*** Opening of Supplied information ***

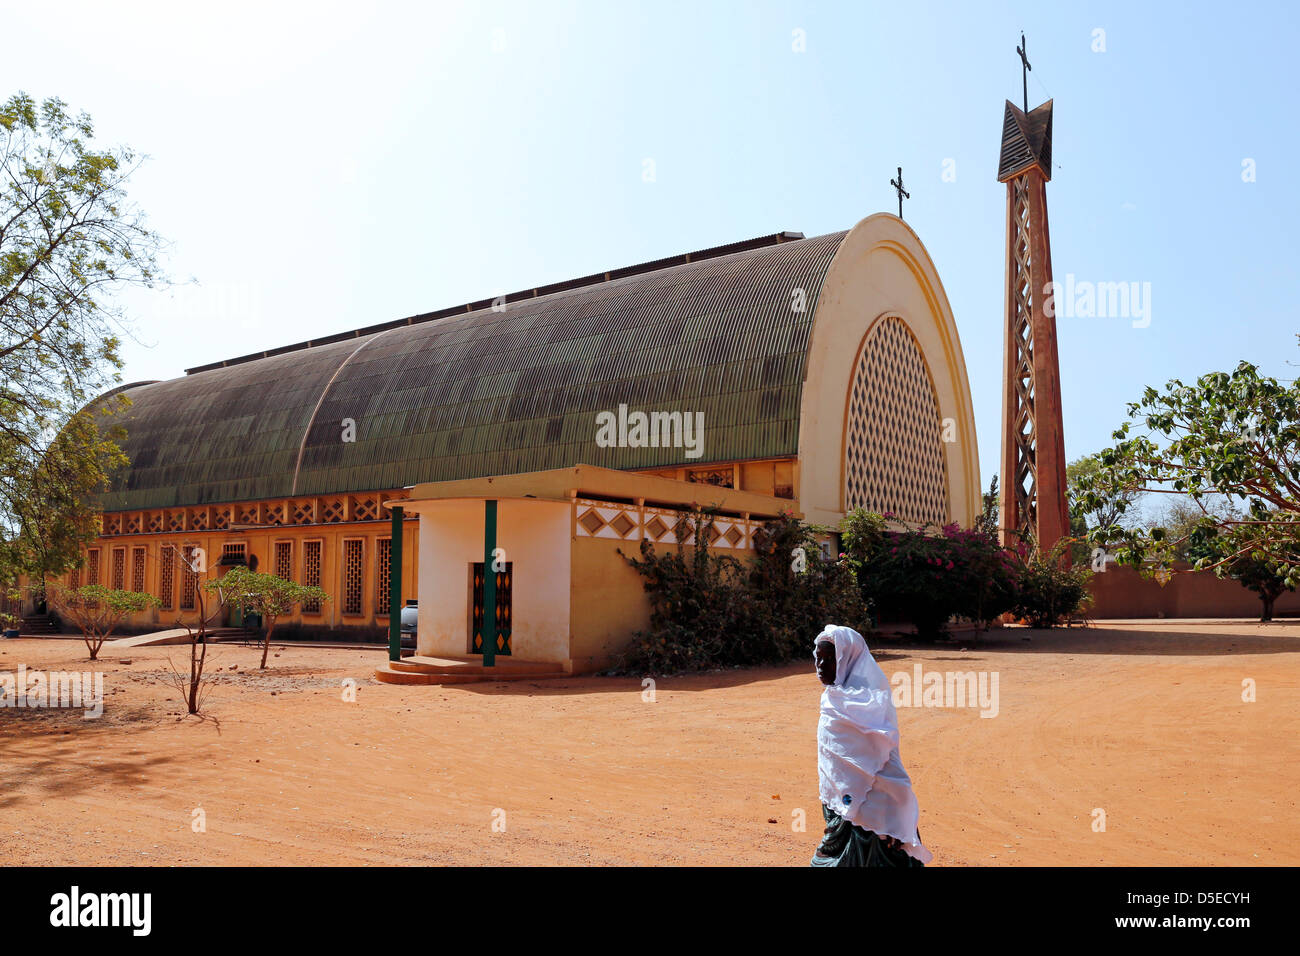 Cathédrale Catholique romaine dans Bobo-Dioulasse, Burkina Faso, Afrique Banque D'Images
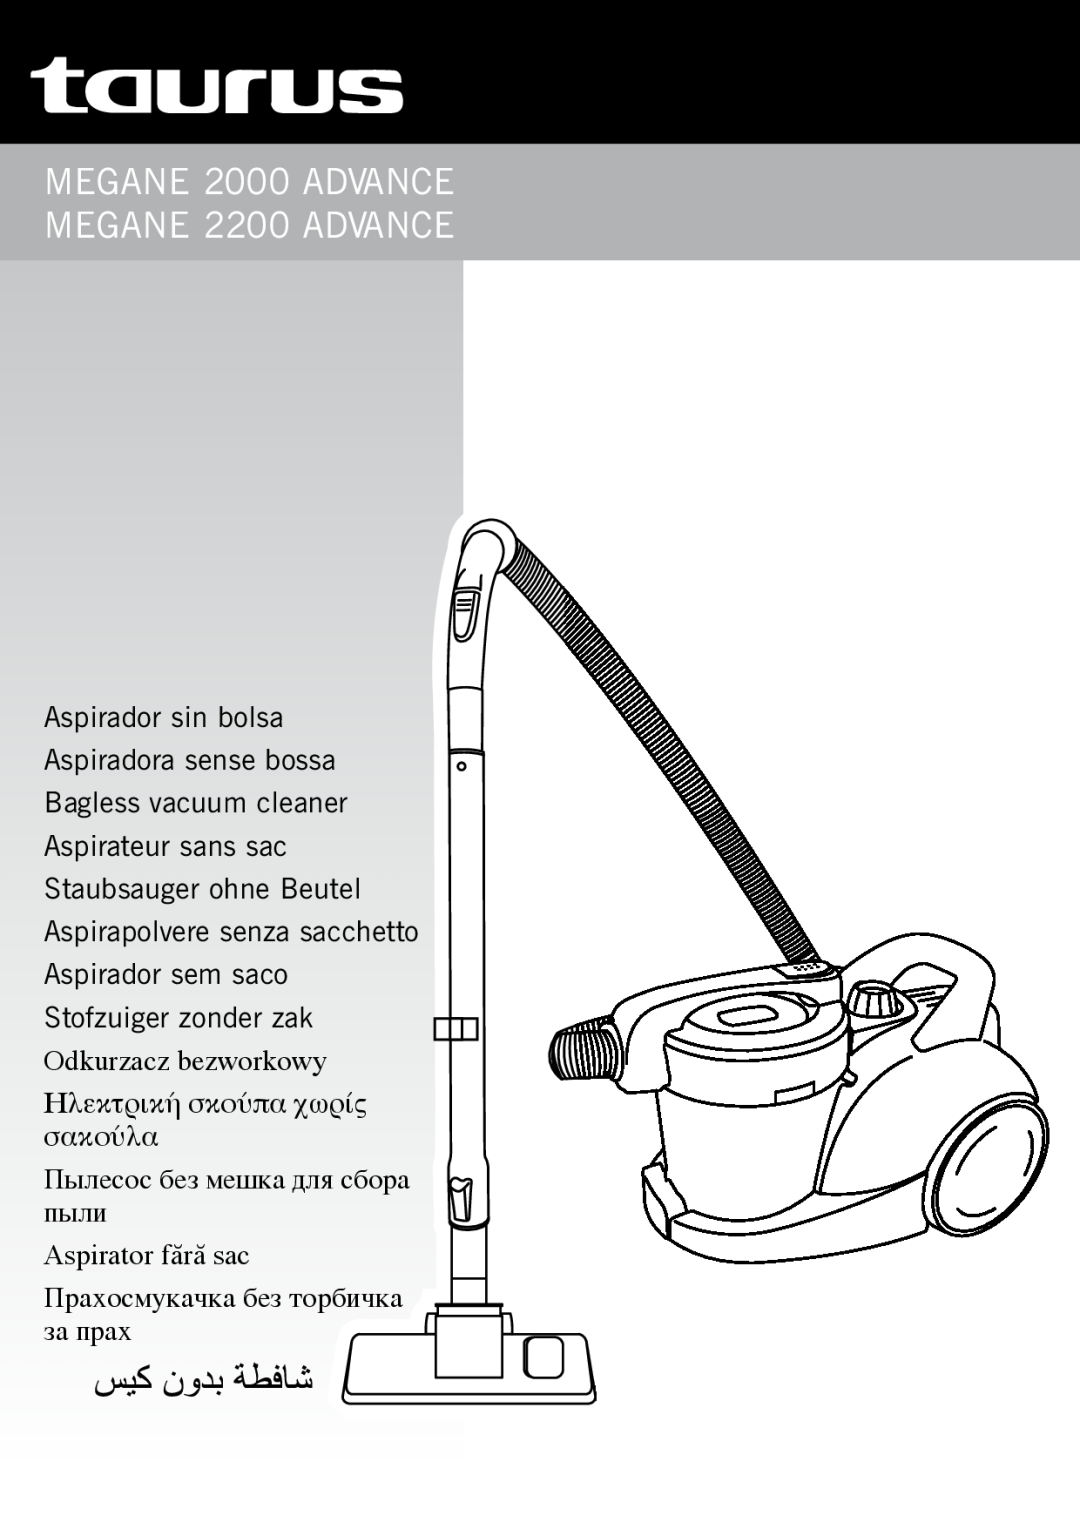 Taurus Group manual Auris 2000 / Auris 2200 / Auris ionic, Aspirador Aspiradora Vacuum cleaner Aspirateur, Manual 
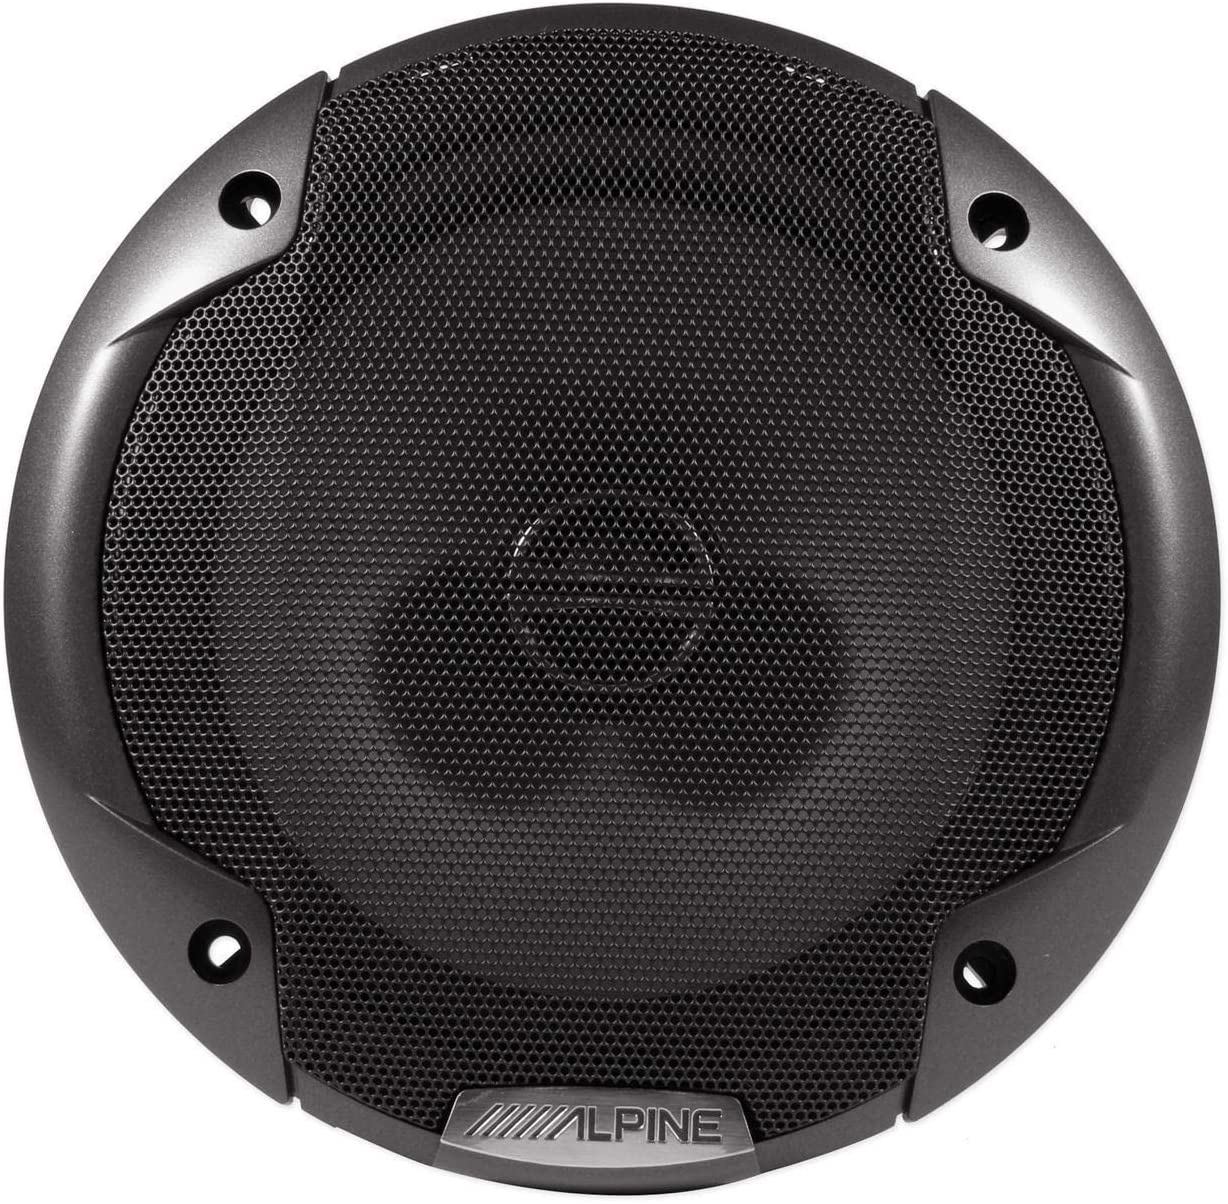 Alpine SPE-6000 Car Speaker 480W Max, 120W RMS 6.5" 2-Way Type-E Coaxial Speakers w/ Silk Tweeters

*** Close of Supplied information ***

Pictures stay out. Print the data exactly, from its first line through the line containing "Taurus Group manual".

Solution to this task ->
 Cathédrale Catholique romaine dans Bobo-Dioulasse, Burkina Faso, Afrique Banque D'Images
 Taurus Group manual Auris 2000 / Auris 2200 / Auris ionic, Aspirador Aspiradora Vacuum cleaner Aspirateur, Manual 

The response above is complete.